DATA EXTRACT: Begin

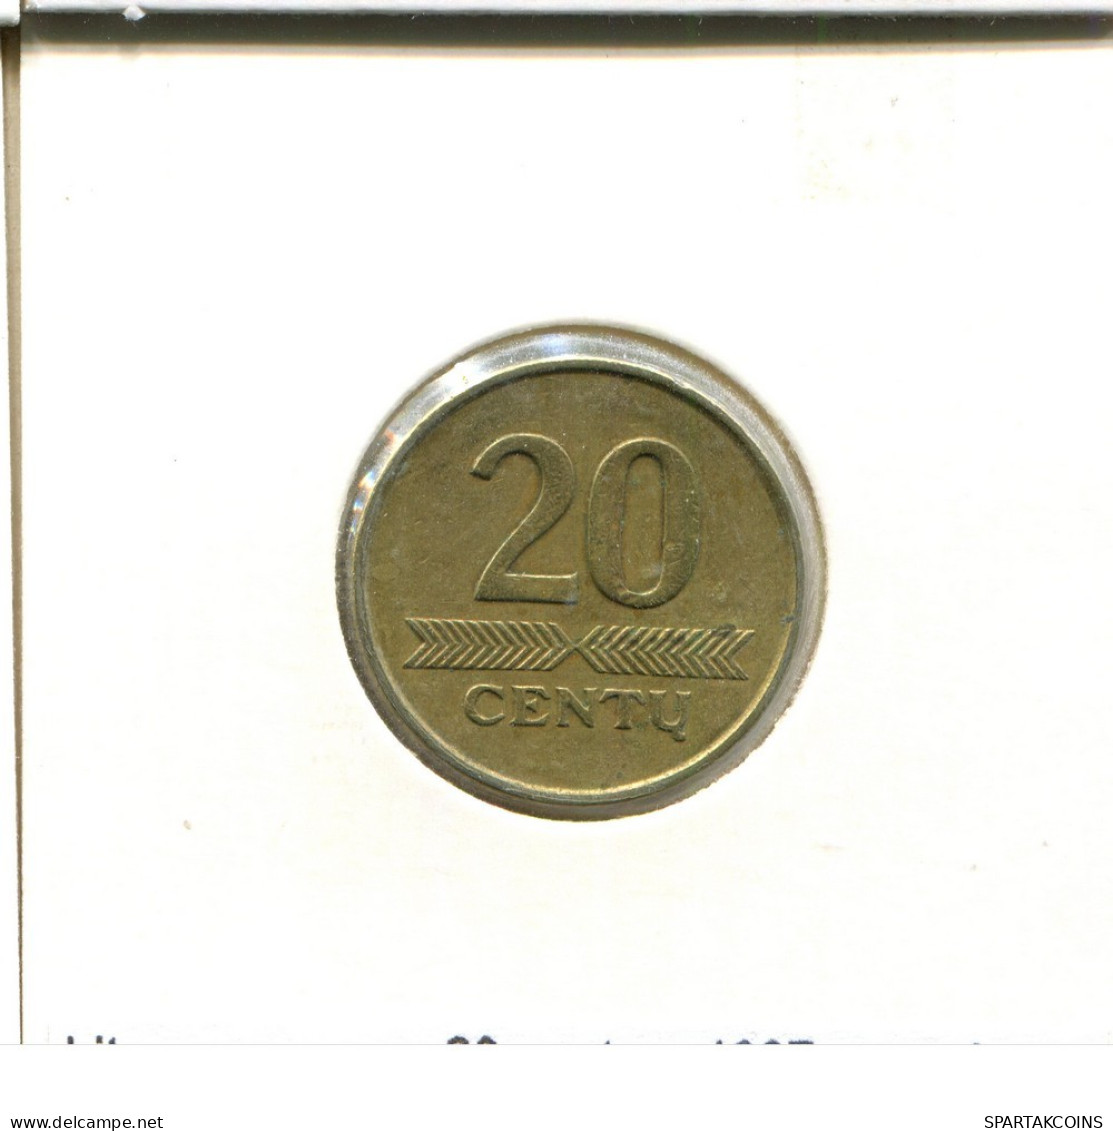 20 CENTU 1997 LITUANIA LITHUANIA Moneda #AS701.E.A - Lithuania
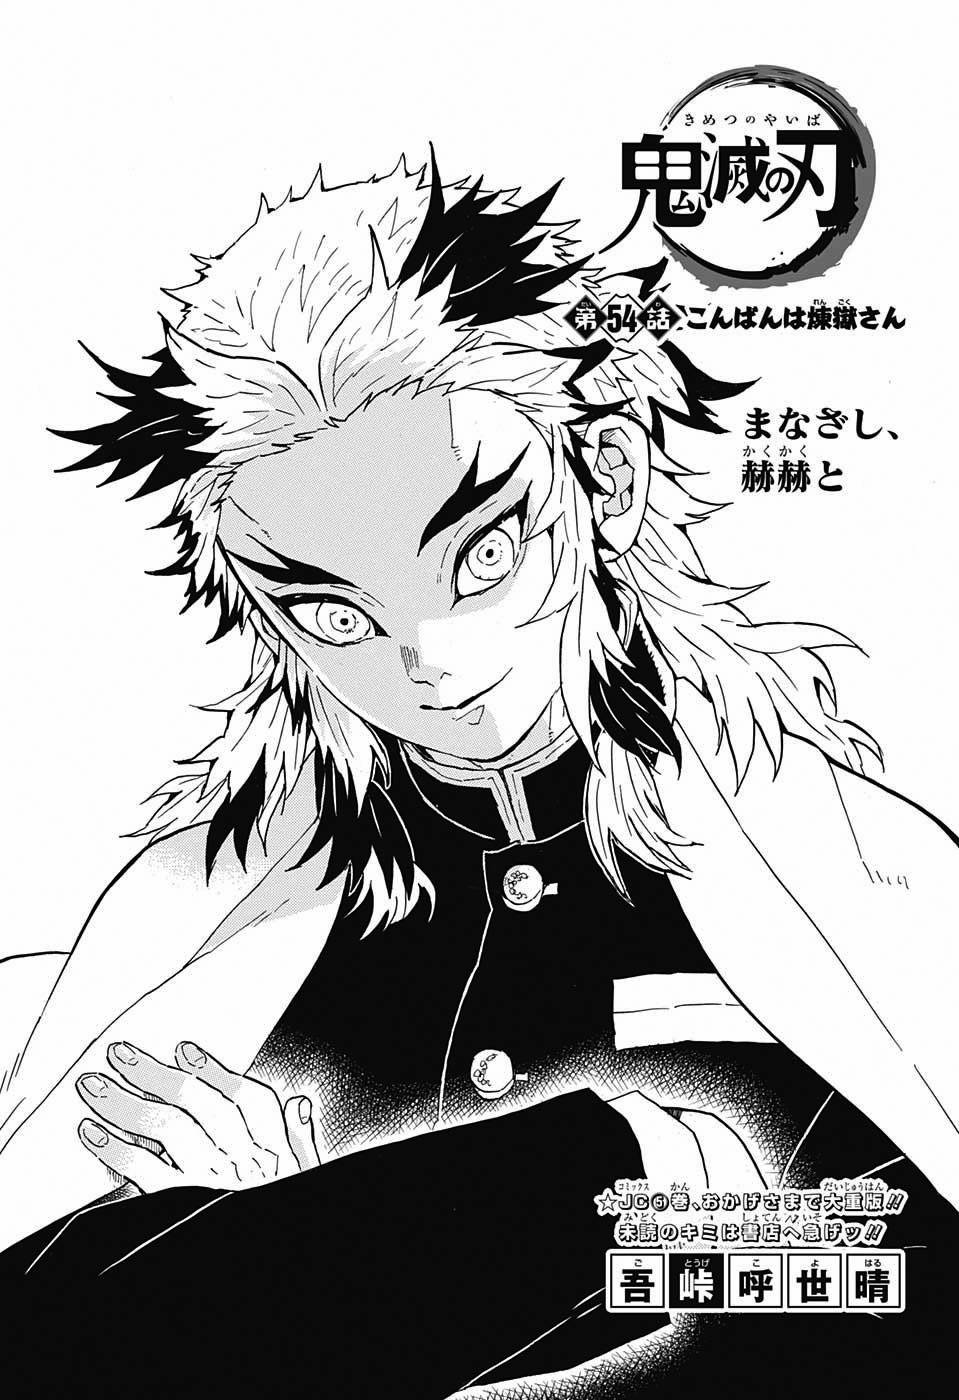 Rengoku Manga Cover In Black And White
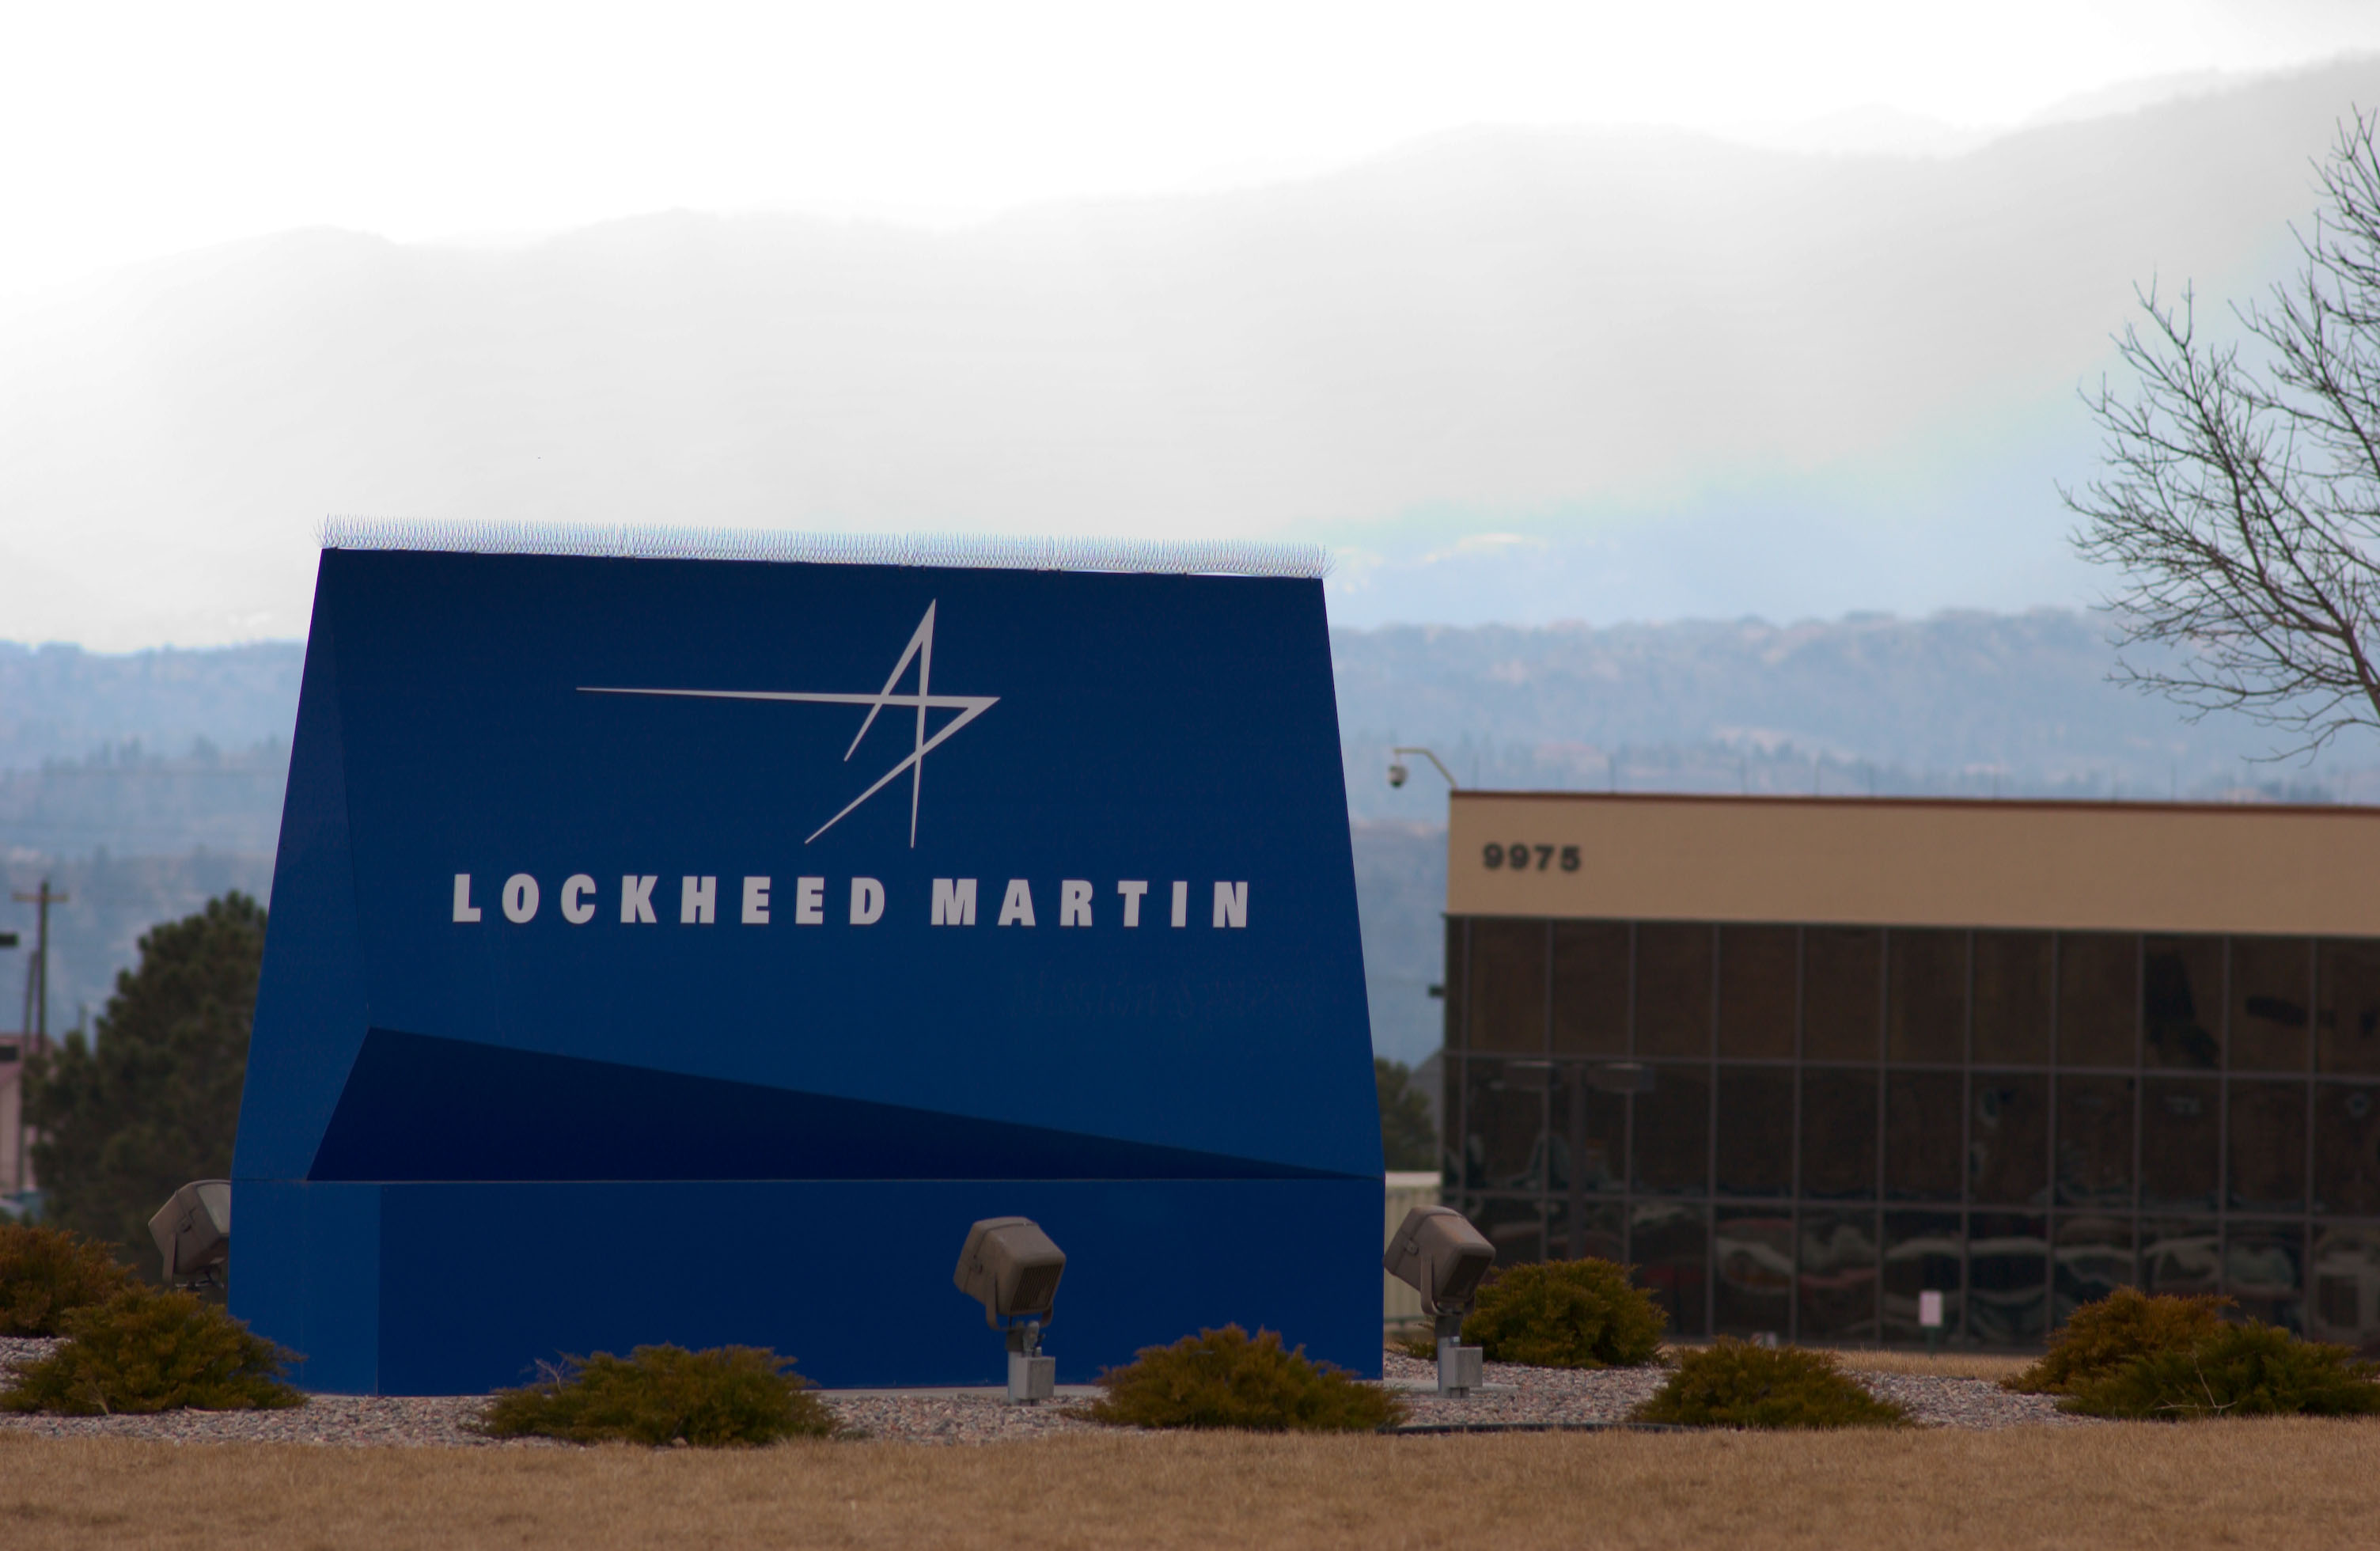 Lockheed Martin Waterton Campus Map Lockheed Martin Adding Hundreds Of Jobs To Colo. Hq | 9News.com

DATA EXTRACT: End

▸ EXERCISE GOAL
Could the data above be copied out exactly, with no pictures kept?

▸ ANSWER FOR THIS EXERCISE
 20 CENTU 1997 LITUANIA LITHUANIA Moneda #AS701.E.A - Lithuania
 Rengoku Manga Cover In Black And White
 Lockheed Martin Waterton Campus Map Lockheed Martin Adding Hundreds Of Jobs To Colo. Hq | 9News.com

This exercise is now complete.